We'll now plot both errors as a function of alpha, along with the zero-forecast error.

# Plot errors as a function of alpha
fig, axs = plt.subplots(2, 1, figsize=(8,8))
axs[0].plot(alphas, errors['MAE'], label='MAE')
axs[0].axhline(zero_mae, color='red', linewidth=0.5,
            linestyle='--', label='Zero Forecast')
axs[0].set_yticks(np.arange(0.6,2,0.2))
axs[0].legend()
axs[1].plot(alphas, errors['MSE'], label='MSE')
axs[1].axhline(zero_mse, color='red', linewidth=0.5,
            linestyle='--', label='Zero Forecast')
axs[1].set_yticks(np.arange(2,4.4,0.4))
axs[1].legend()
fig.supxlabel('Alpha')
fig.supylabel('Error')
plt.tight_layout()
plt.show()

From the plots, we can see both error measures are minimised when alpha is around 0.1 to 0.2. Note that simply forecasting zero produces a lower MAE than any of the forecasts. This illustrates a problem using MAE for gauging the accuracy of a forecast. While a forecast of zero would minimise the MAE, in the real world this translates to ordering no stock which would result in empty shelves in the store. In this case, the forecasts produced a lower MSE than the zero-forecast, but the MSE will also suffer from the same issue for certain series.

Alternative measures of accuracy are discussed in another tutorial, Error Metrics for Intermittent Demand. For now, we'll push on using the MSE and look at how we can use the minimize() function from the scipy library.

Optimisation with scipy.optimise.minimize()

The min_error_func() below takes in the parameters we want to optimise (alpha, beta), makes a forecast, then returns the error between that forecast and the original time series. Scipy's minimize() function will then attempt to minimise the output of min_error_func() by adjusting the values for alpha and beta.

We'll test it out using TSB as the forecasting model and the MSE as the error metric.
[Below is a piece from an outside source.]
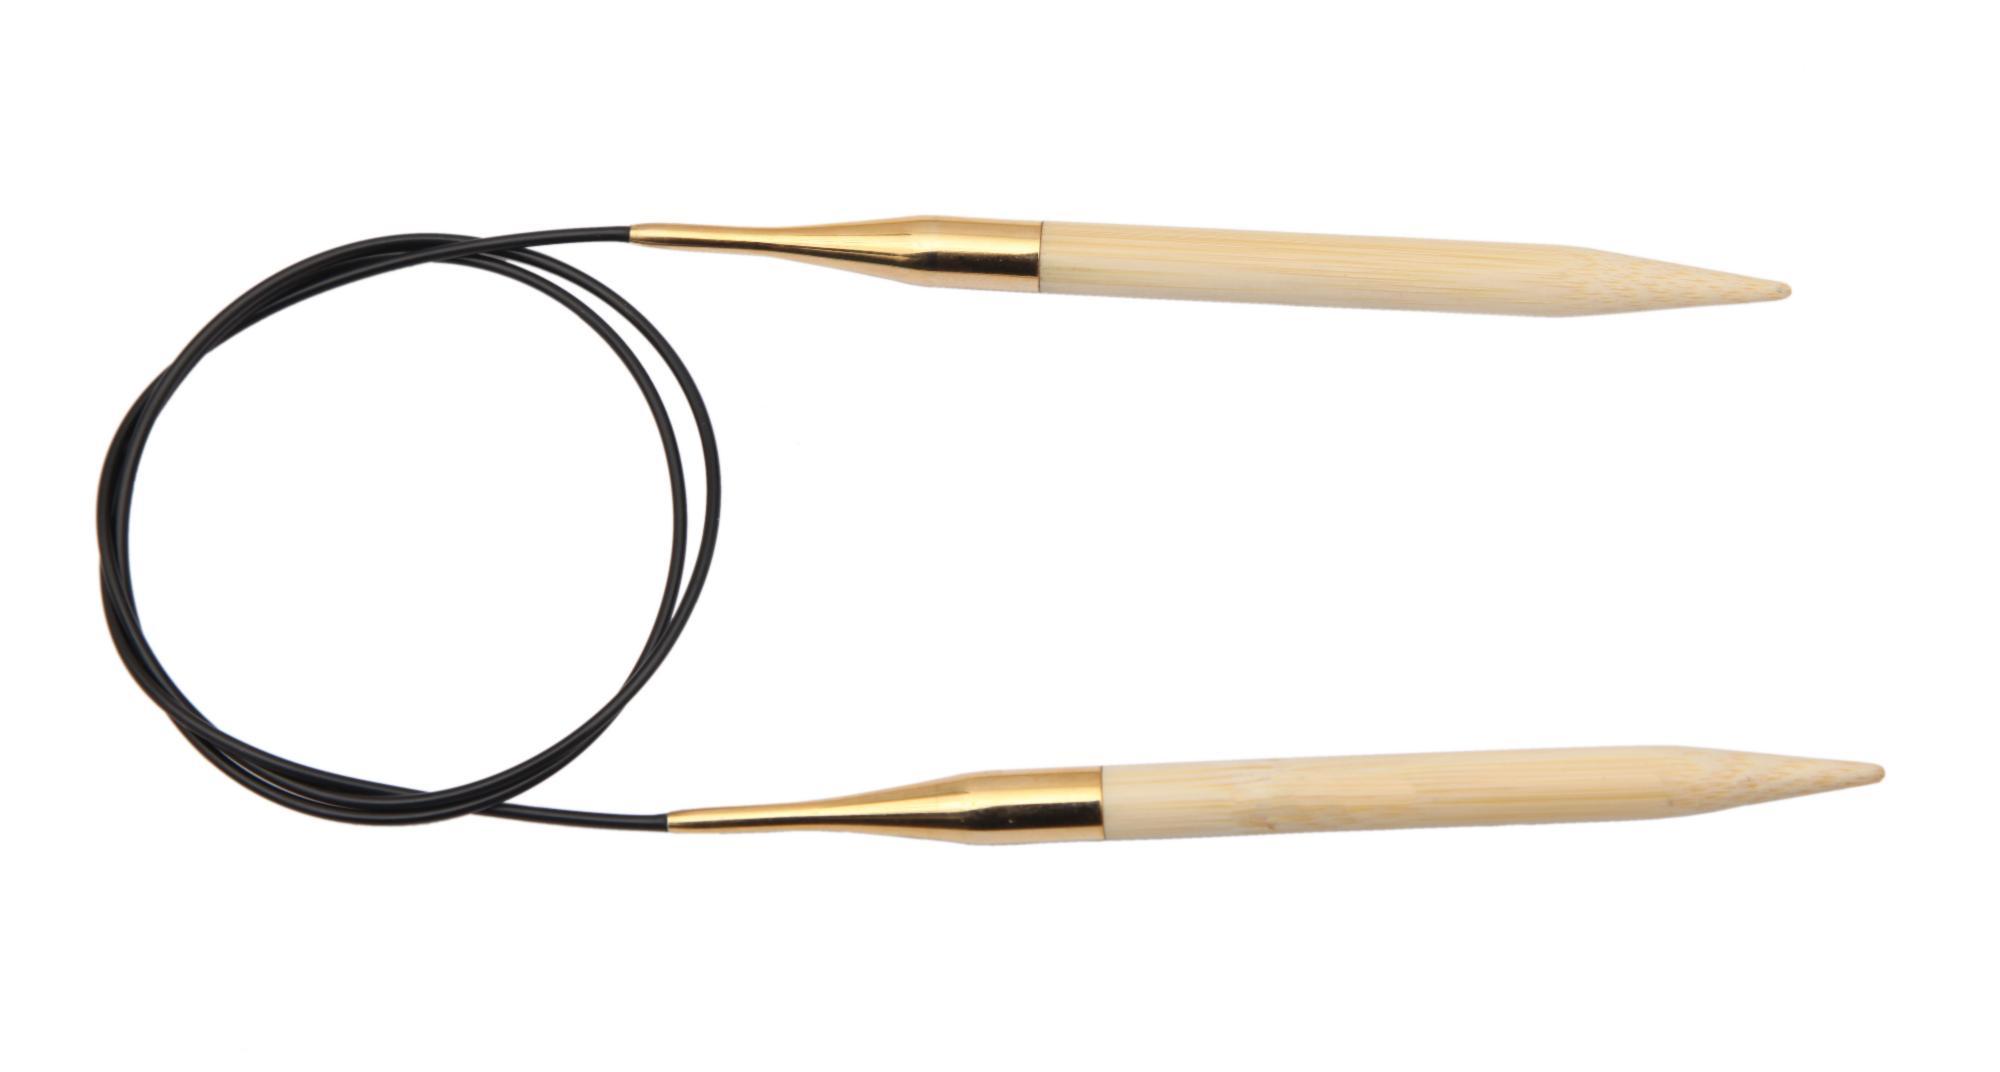 Спицы круговые 80 см Bamboo KnitPro, 22248, 4.50 мм
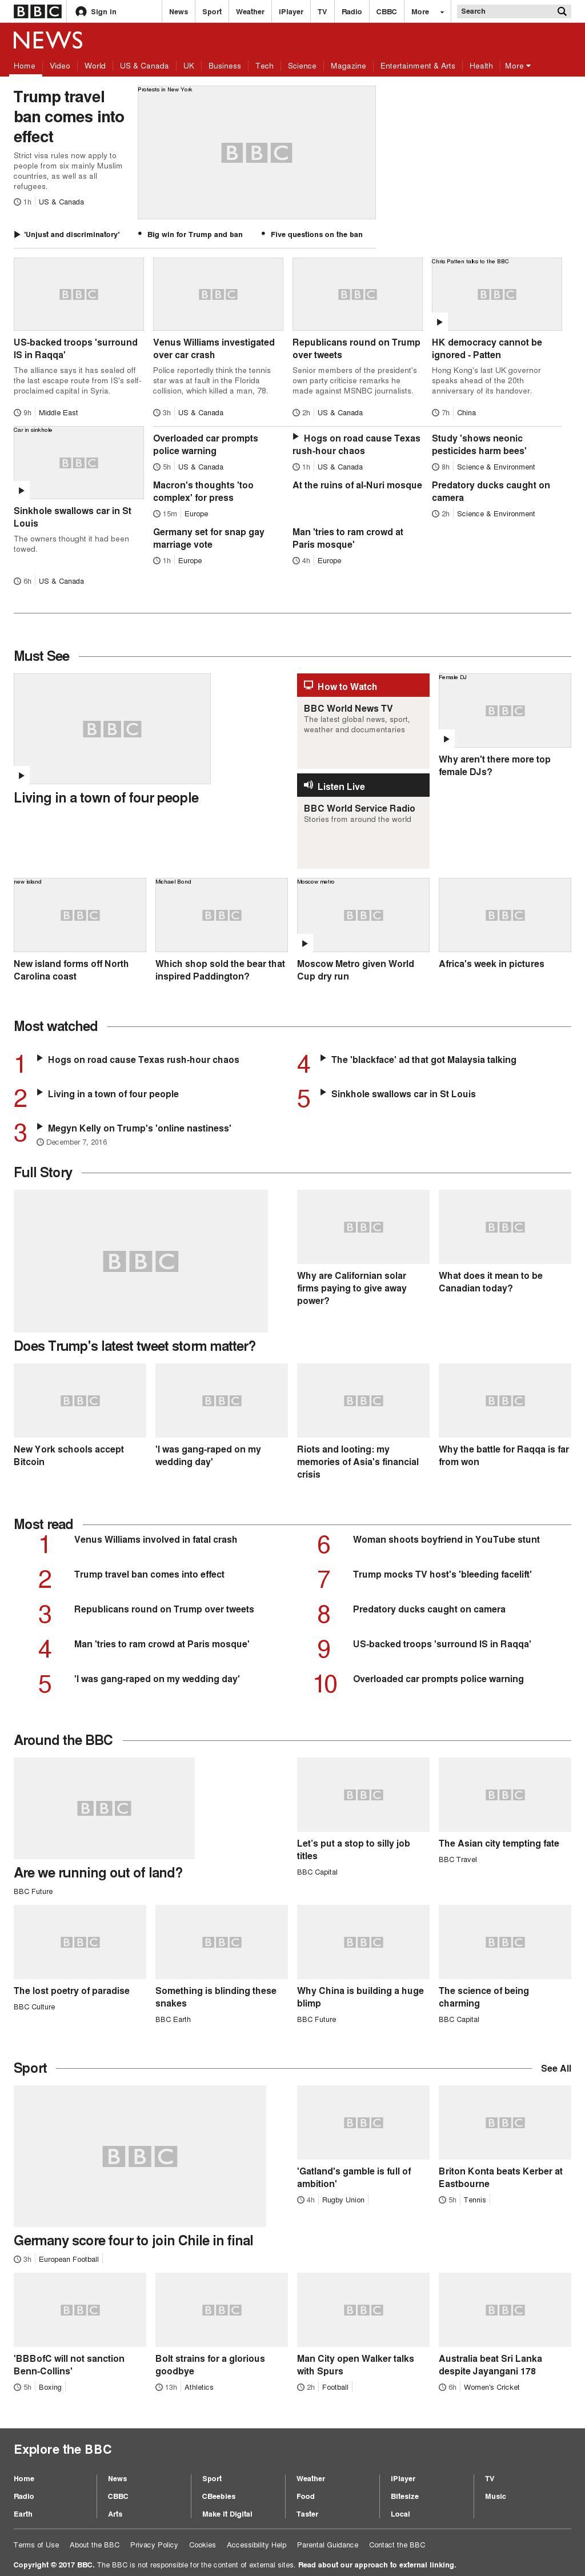 BBC at Friday June 30, 2017, 2 a.m. UTC

from scipy.optimize import minimize

def min_error_func(params, ts, method, metric=mae):
    alpha, beta = params
    f = intmt_demand(ts, method=method, alpha=alpha, beta=beta)
    idx = np.argmax(np.isfinite(f))
    return metric(ts[idx:], f[idx:-1])

# Find optimal values for alpha, beta using the MSE as the
# error metric, and TSB as the forecasting model
init = [0.1,0.1]  # Initial guess for alpha, beta
tsb_opt = minimize(min_error_func, init, 
                   args=(ts, 'tsb', mse), 
                   bounds=[(0,1), (0,1)])
print(f'Optimal alpha: {tsb_opt.x[0]:.4f}')
print(f'Optimal beta: {tsb_opt.x[1]:.4f}')
Optimal alpha: 0.1231
Optimal beta: 0.0000

This can be repeated for both Croston's Method and SBA.

sba_opt = minimize(min_error_func, init, 
                   args=(ts, 'sba', mse), 
                   bounds=[(0,1), (0,1)])
print(f'Optimal alpha: {sba_opt.x[0]:.4f}')
print(f'Optimal beta: {sba_opt.x[1]:.4f}')
Optimal alpha: 0.1147
Optimal beta: 0.1291
cro_opt = minimize(min_error_func, init, 
                   args=(ts, 'cro', mse), 
                   bounds=[(0,1), (0,1)])
print(f'Optimal alpha: {cro_opt.x[0]:.4f}')
print(f'Optimal beta: {cro_opt.x[1]:.4f}')
Optimal alpha: 0.1227
Optimal beta: 0.0078

We can now create a forecast using the optimal values found. We'll do this for Croston's method, SBA and TSB and then plot the forecast along with the original time series.

# Forecast using optimal values of alpha and beta
f_tsb = intmt_demand(ts, 'tsb', tsb_opt.x[0], tsb_opt.x[1])
f_sba = intmt_demand(ts, 'sba', sba_opt.x[0], sba_opt.x[1]) 
f_cro = intmt_demand(ts, 'cro', cro_opt.x[0], cro_opt.x[1])

# Plot results
plt.figure(figsize=(12,5))
plt.bar(np.arange(100),ts, color='lightgrey')
plt.plot(f_tsb, linestyle='--', label='TSB')
plt.plot(f_sba, linestyle='--', label='SBA')
plt.plot(f_cro, linestyle='--', label='CRO')
plt.xlabel('Time index')
plt.ylabel('Sales')
plt.legend()
plt.show()

Conclusion

So far we've covered Croston's method and the SBA and TSB adaptations. We've optimised parameter selection using MSE, but have noted that it can suffer from a bias towards a zero-forecast. This translates poorly into real-world scenarios as it would mean it could leave shelves empty of stock.

Different approaches to measuring accuracy are explored in the Error Metrics for Intermittent Demand tutorial, where we look at metrics such as the Periods in Stock and the Cumalative Forecasting Error.

Alternatively, we can attempt to remove intermittence in the time series through aggregation methods. This is discussed further in the ADIDA tutorial.